Attached is the model diagram, I hope experienced expert partners can answer questions and doubts, thank you~

Hello Urnotcoward,

It seems you are trying to combine Random Forests with Neural Networks. This is possible, but there are some caveats. The two most important ones are:

  1. Random Forests will not propagate loss gradients (at least not the native version). It means that Neural Networks located before a random forest cannot be trained with backpropagation (“dense” and “dense_1” in your example) . The solution is generally to pre-train those Neural Networks or to add a secondary path for the gradient to propagate.
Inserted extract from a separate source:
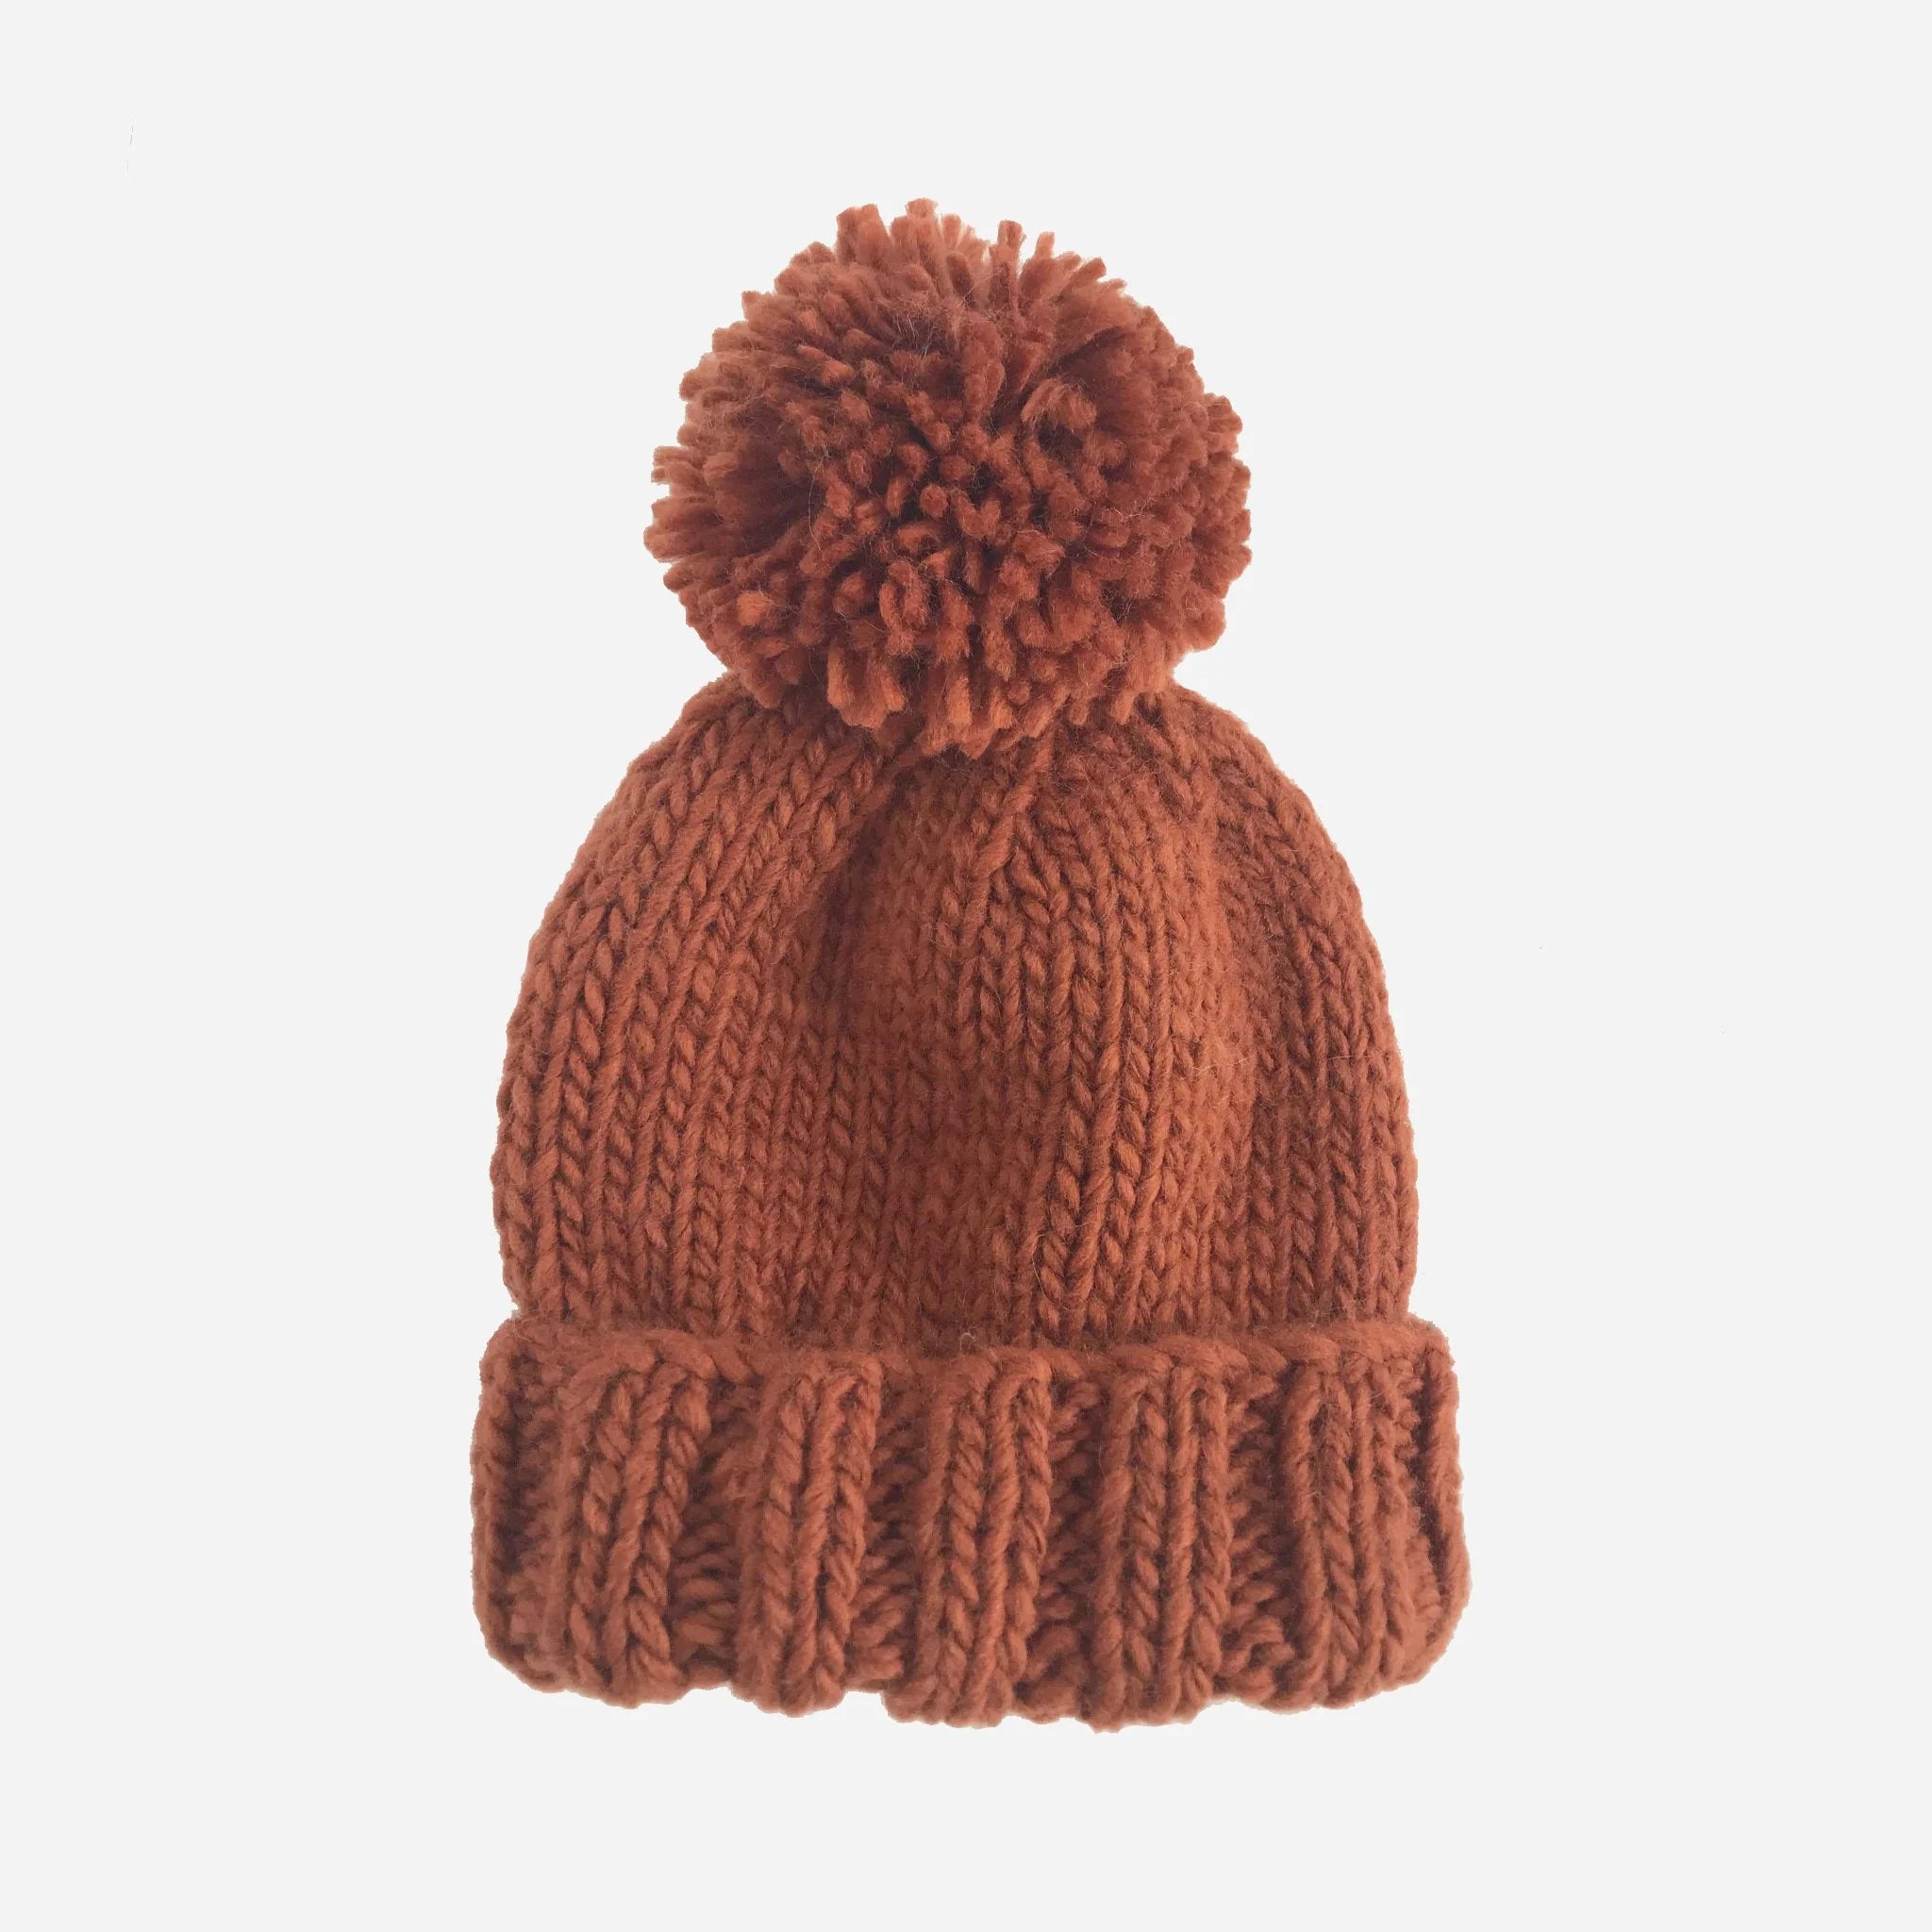 A reddish colored knit beanie with a pom pom on top.

You are mentioning that the Random Forests work well. Therefore, I assume you are maybe pre-training those parts (the input looks like an image). A third solution is to rely on the random initialization of Neural Networks: Those are essentially random projections and they can sometimes produce some results (but there are better ways to do it).

  1. Random Forests do not train with loss gradients. It does not seem to be an issue in your diagram, but it is important to be aware of that.
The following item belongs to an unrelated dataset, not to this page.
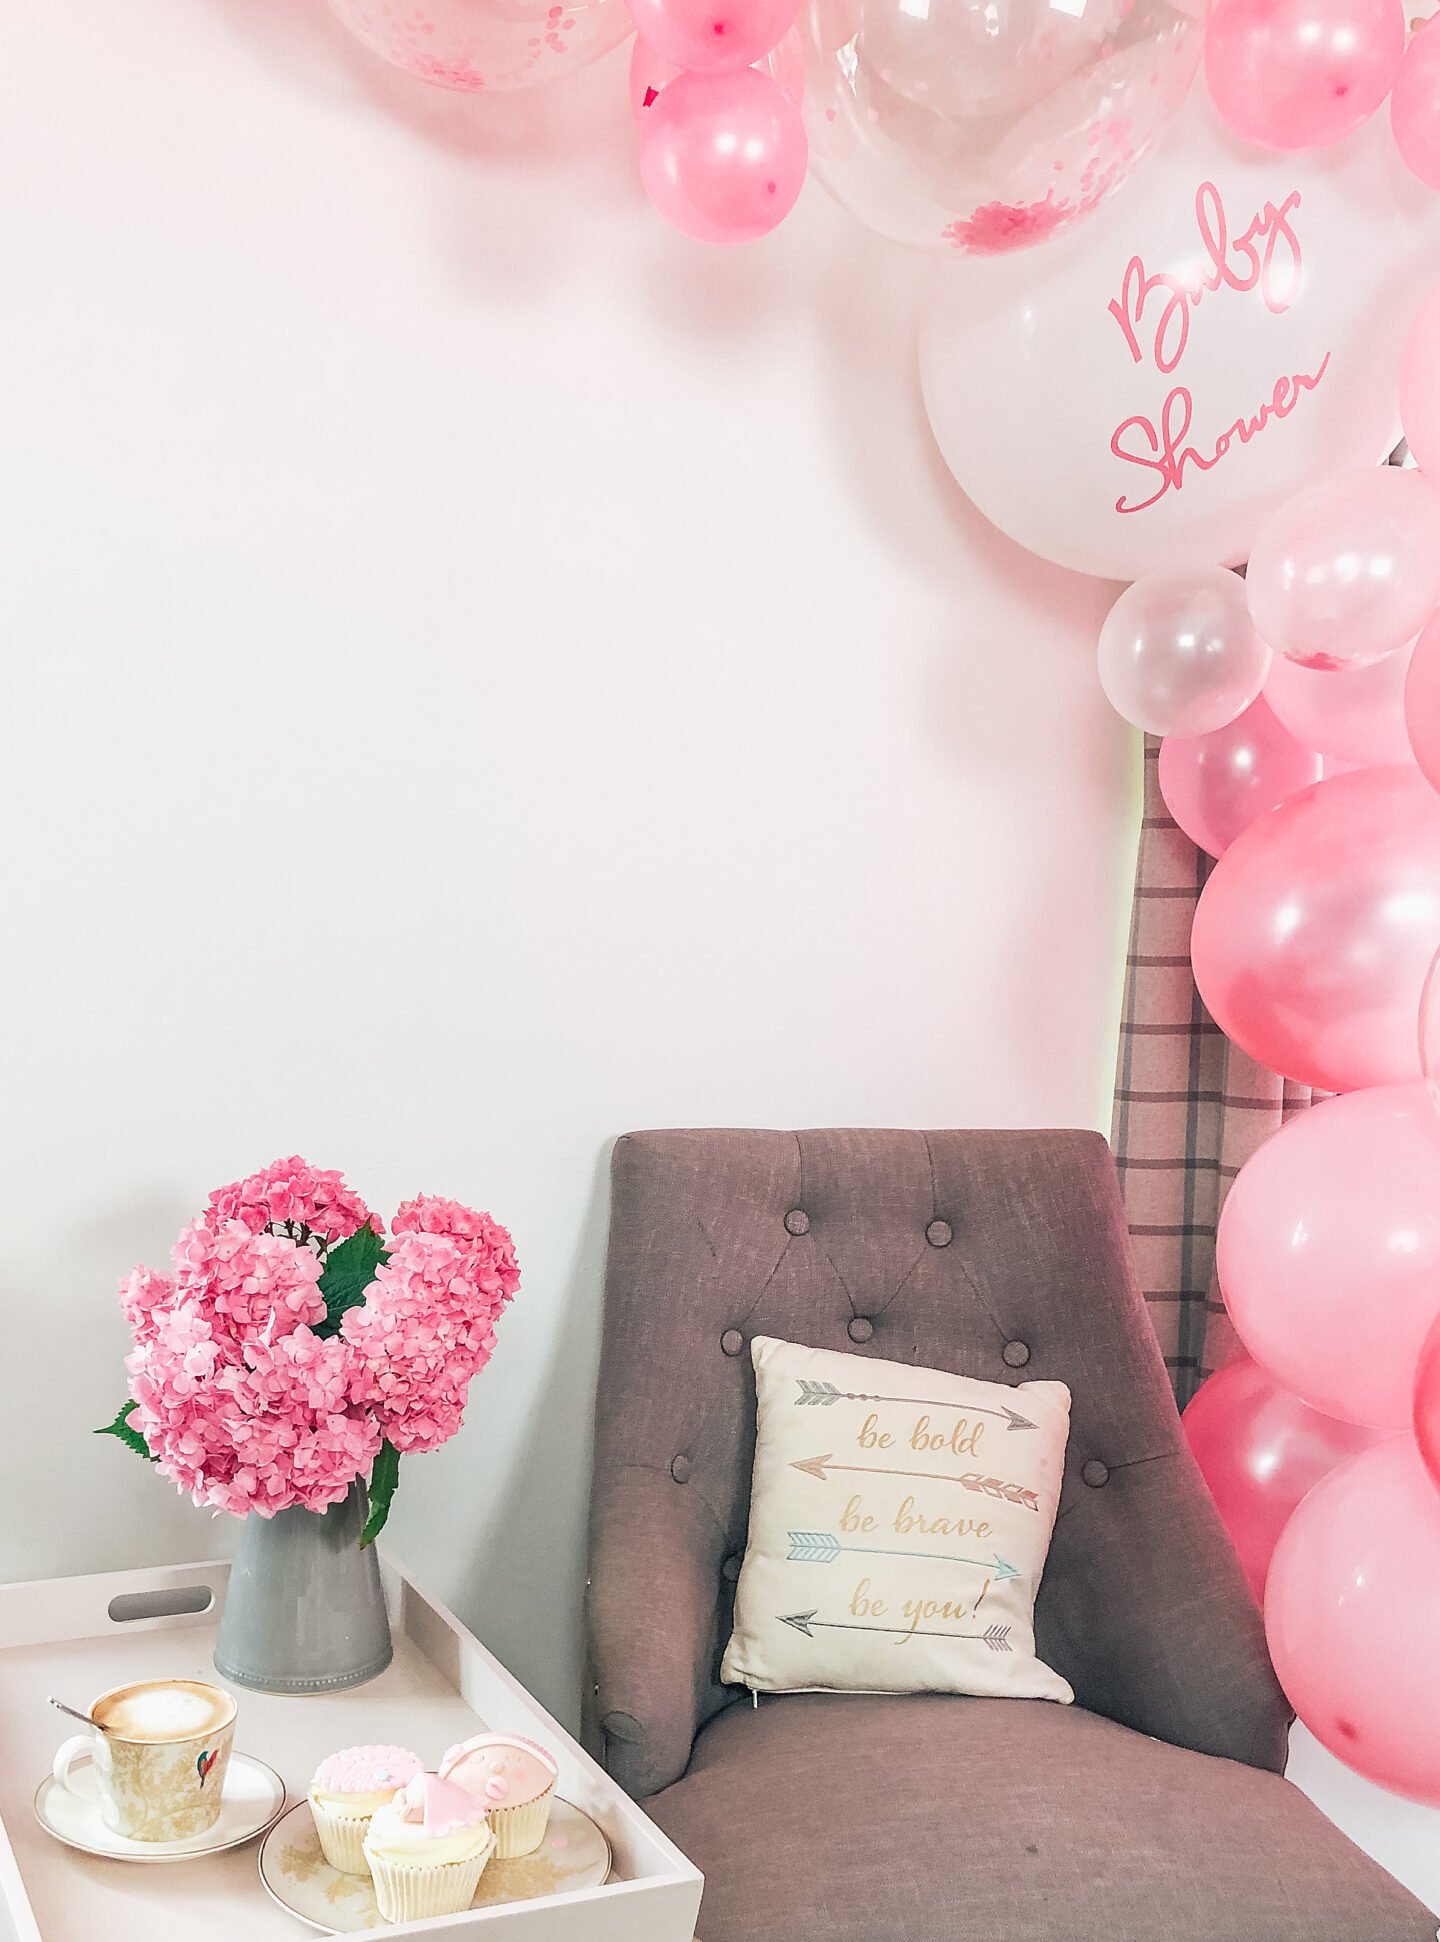 Baby shower afternoon how to make a balloon arch with Cricut vinyl balloon decals and  tape

Note that those two points are discussed in detail in the Model composition colab.

About your model specifically, there might be different things happening, and different solutions. Let me go through some initial ideas:

  1. Always start simple (e.g. just the Random Forests + one layer) and add complexity progressively (one layer at a time). Keep in mind that the more complex your networks (e.g. with attention mechanisms), the more complex it is to train.

  2. Make sure you are pre-training “dense” and “dense_1”. If not, remove them.

  3. Each random forest outputs a single value (likely a probability?). All the networks after the random forests are only depending on those two values. This is a very strong data bottleneck, and it is unlikely that those networks will learn much. The correct solution here depends on what you try to achieve (the diagram looks a little bit like a two-towers model). Can you give more details?

1 Like

Let add a couple of suggestions in addition to Mathieu’s suggestion:

  • Pre-train the two random forests, as likely you are already doing, and then concatenate their outputs to the original inputs (shaped (none, 150) and (None, 768)), so you’ll have a tensor shaped (None, 2 + 150 + 768) and then feed that to a FNN.

If I’m not misunderstanding your plot I think there is something problematic with the m3_vec and m4_vec dense layers: their input has a dimension of 1, and expanding them to 200 won’t really do anything … there is not “enough information” in 1 float (a probability) to occupy a vector of 200 floats so to say (it’s not that the probability has many modes that the various values of Dense would separate).

Also I don’t think the attention layer will help there: the attention is good for sequences (text), or unordered sets of things, but not necessarily things that have a specific position (meaning something learned for position 1 is different than something learned for position 2): you can just use normal dense layers.

Good luck, sounds like an interesting project.

Btw, we have in the works a differentiable DF implementation, but it will take a couple of months still.

Hello Mathieu,
Thank you very much for your attention and suggestions. I didn’t expect you to pay attention to my problem for the first time and I’m really happy.
I did refer to the model fusion of random forest and neural network you mentioned. My purpose is to use the random forest model for feature fusion after encoding the same set of data with two vectors to achieve better results.
Through your suggestion, I started from a simple one, first fused two sets of vectors and then input them into random forest for training, the effect is about 1.6% higher than the previous single layer, without adding attention mechanism and other complicated things, Really surprised!
In addition, I found that my original error was due to the fusion in the decision layer, which is an invalid method. The difference between random forest and neural network is that it will directly output the classification results, and it is meaningless to fuse the output results.
Thank you again, and I hope you can exchange and discuss any questions in the future.

Hello Jan,
Thank you very much for your addition, you mentioned a very important point, it doesn’t make any sense to expand the output of random forest from 1 to 200, it is true, I didn’t figure it out before.
My solution is to fuse the features before entering the random forest. There are some optimizations in the initial stage, which is really amazing!
It is indeed a difficult and complicated job. We have worked hard for a long time, and hope that everything will go well in the follow-up.
What you mentioned you are working on differentiable DF implementation sounds great! I wish you all the best and look forward to seeing the results of your research soon!